26/01/2021, Perpignan, France, quotidien des soignants hôpital St Jean secteur Covid-19 et réanimation © Arnaud Le Vu / MiP

Article mis à jour le 13 septembre 2022 à 11:55

Le débat sur l’euthanasie refait surface en France ; principalement orienté sur la liberté individuelle de disposer de son corps et d’être maître de sa vie ou de sa mort. Certains sont pour, d’autres contre. Au-delà du volet éthique et religieux, Made in Perpignan a choisi de laisser la parole à des patients ; ceux qui ont dû ou doivent faire face à cette question et préparer leur mort.

♦ « Vous n’êtes pas encore en état végétatif, eh bien vous sautez d’un pont ! »

Comme beaucoup d’autres, Barbara Lefebvre estime que la loi Leonetti suffit à satisfaire les besoins actuels puisqu’elle interdit l’acharnement thérapeutique. Sur LCI, le 6 avril 2021, l’enseignante et essayiste a déclaré « mais quand on vous annonce une maladie incurable et que vous n’êtes pas encore en état végétatif, eh bien vous sautez d’un pont ! Je veux dire, il y a un moment donné…« . Des propos qui n’ont pas manqué de faire réagir. Pourtant, quelle serait l’alternative à cette proposition ?

Les soins palliatifs ont pour but d’alléger les souffrances du patient afin de lui garantir une meilleure prise en charge. L’objectif n’est pas de guérir mais de préserver jusqu’à la fin la qualité de vie des personnes et de leur entourage. Mais est-ce vraiment la réalité ? Comment les gens meurent en France ? Plus connu sous le pseudo de L’Homme Etoilé, Xavier, un infirmier en soins palliatifs, a décidé à travers ses dessins de raconter son quotidien en tant que soignant dans cette unité de soins.

Xavier affirme que son travail n’est pas « d’empêcher la mort mais de faire en sorte qu’elle se passe le plus sereinement possible ».

26/01/2021, Perpignan, France, quotidien des soignants hôpital St Jean secteur Covid-19 et réanimation © Arnaud Le Vu / MiP

♦ Et cela soulève une autre question : le choix de la mort ne doit-il pas être fait par le patient plutôt que par le médecin ?
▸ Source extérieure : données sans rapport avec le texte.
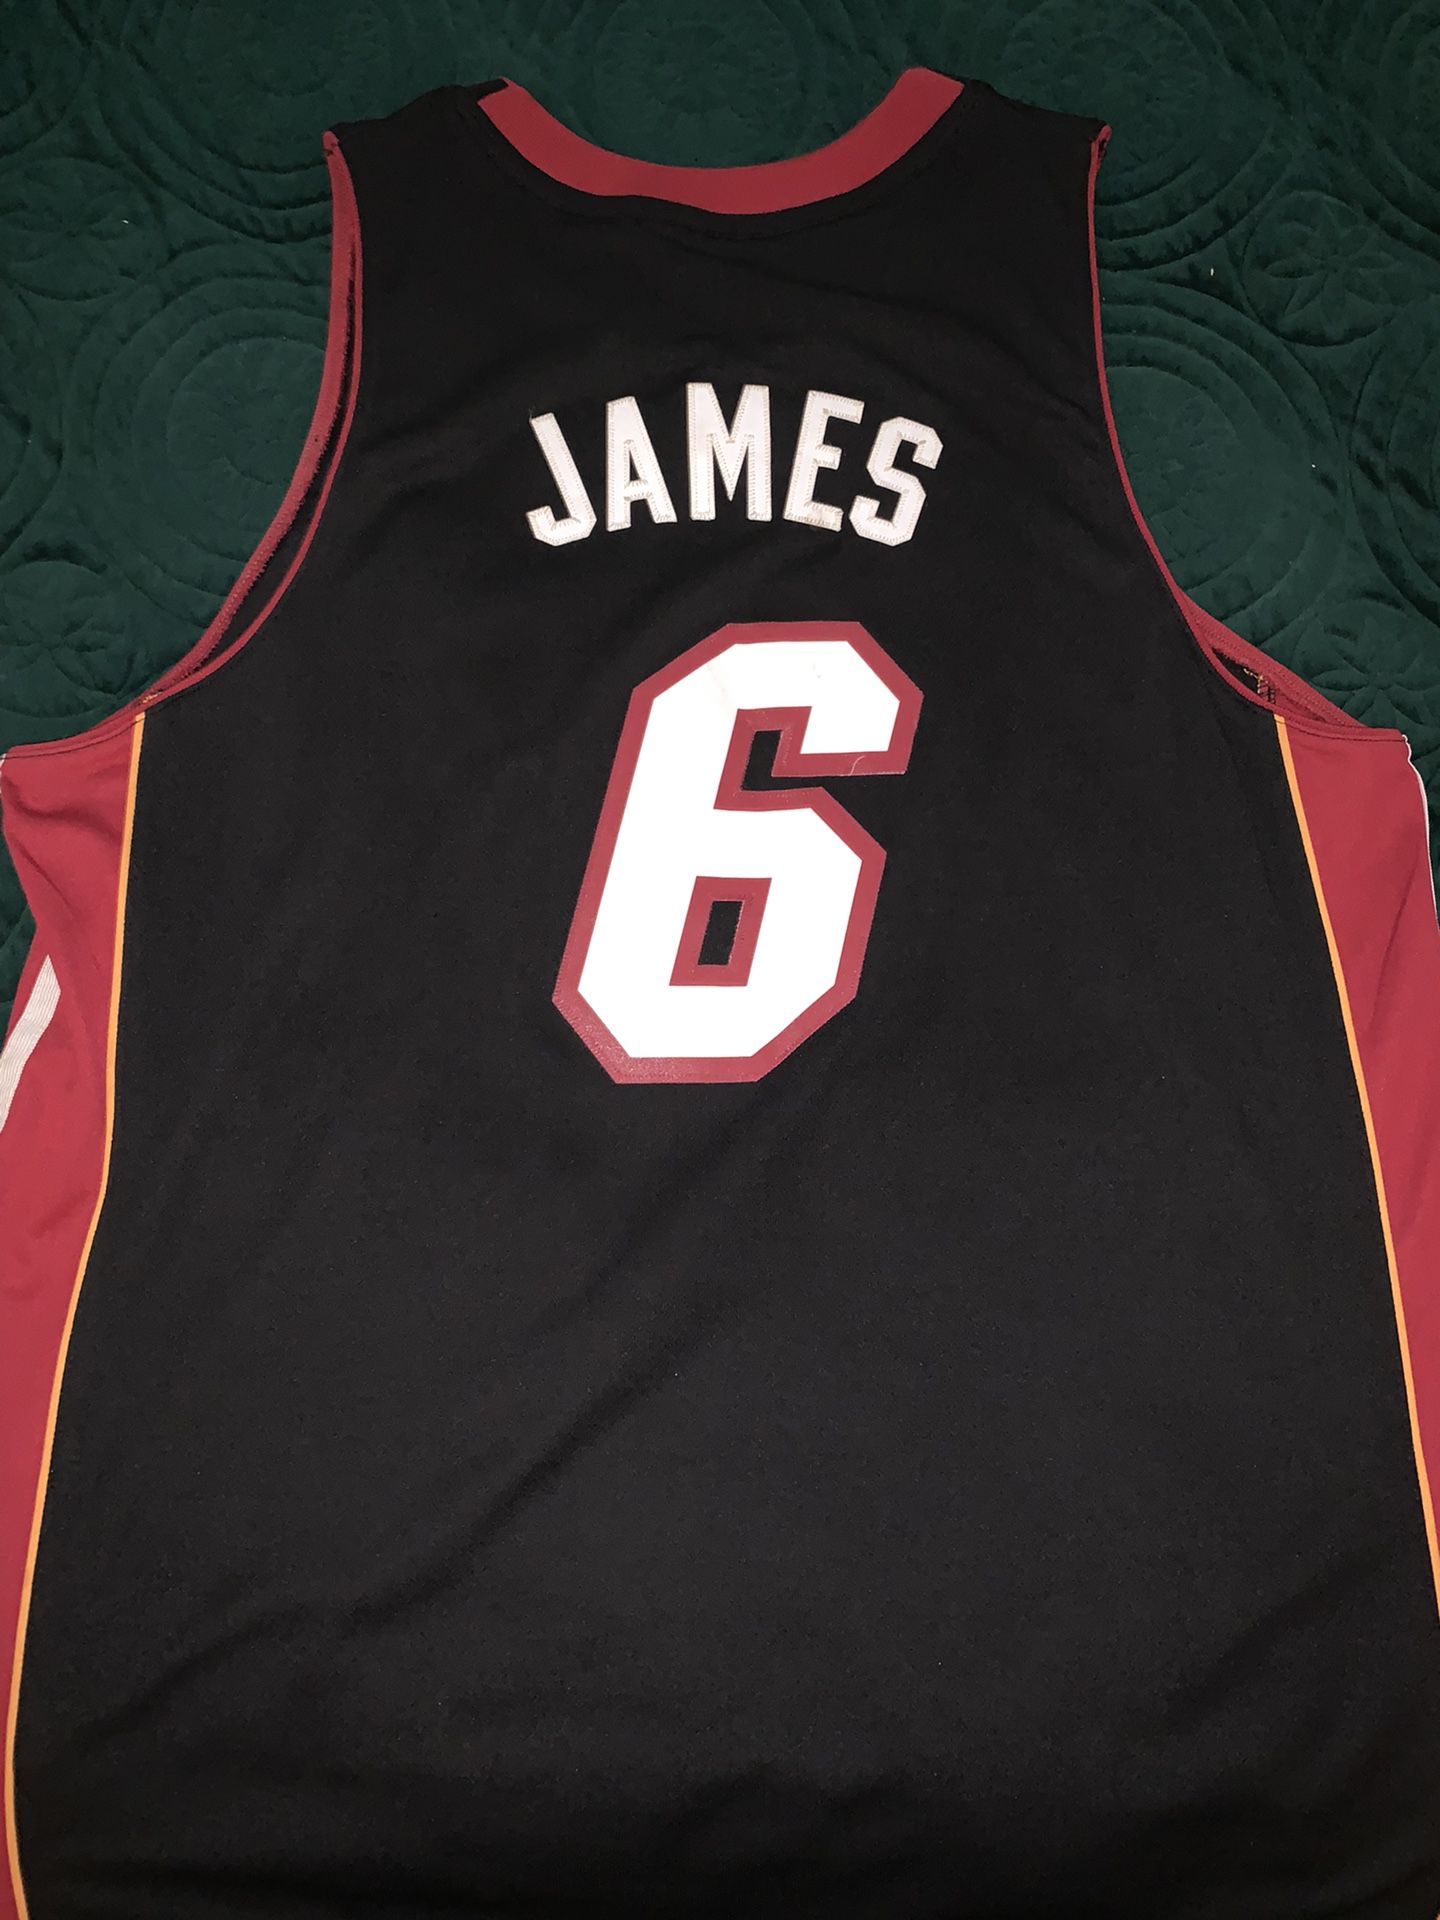 LeBron James Miami HEAT Jersey for Sale in Miami, FL - OfferUp

Pauline, 28 ans, se confie. « En tant que patiente suivie dans divers hôpitaux pour une maladie génétique depuis mon adolescence et soignée pour un cancer récent, j’estime avoir le droit de choisir le moment où je voudrais mourir. »

« Toute ma vie se résume à écouter les médecins et suivre les avis médicaux ; pour aller mieux, pour vivre mieux. Mais cela nécessite tant d’efforts et de sacrifices. Alors, si un jour mon état se dégrade davantage et que je ne peux plus supporter les traitements ou les douleurs, j’aimerais avoir le droit de choisir quand je vais mourir. »
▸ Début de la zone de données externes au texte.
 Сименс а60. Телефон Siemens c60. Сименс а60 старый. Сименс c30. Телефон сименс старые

« Je voudrais partir en douceur, et que cela soit encadré. Que, pour une fois, le choix du patient, mon choix, soit pris en compte. Contrairement à ce que l’on pourrait penser, je suis la seule à pouvoir juger de ma souffrance. Je fais une totale confiance aux médecins, mais je voudrais pouvoir leur dire ‘croyez-moi et écoutez-moi‘. »

21/04/2020, Sorèdes, France, EHPAD maison de retraite de Sorèdes dans les Pyrénées-Orientales / Prise en charge médicale des personnes âgées et de la dépendance à l’heure de la crise sanitaire Coronavirus Covid-19 © Arnaud Le Vu / MiP / APM

♦ Gladii, nous livre, elle aussi, son histoire et son témoignage.

« Je ne vais pas aller par 4 chemins ; comme Pauline, je suis pour l’euthanasie. Actuellement atteinte d’un cancer du sein métastasé, j’ai commencé fin 2020 à avoir besoin de me renseigner sur la mort. Dans mon cas, cela a un côté assez rassurant. Lorsqu’on prend le temps de s’informer, on sait à peu près à quoi se préparer ; on s’imagine plus facilement ce que l’on pourra vivre. Ça me semblait important aussi de le faire pour ne pas laisser cette charge à mes parents et mes proches, qui auront déjà un deuil à faire.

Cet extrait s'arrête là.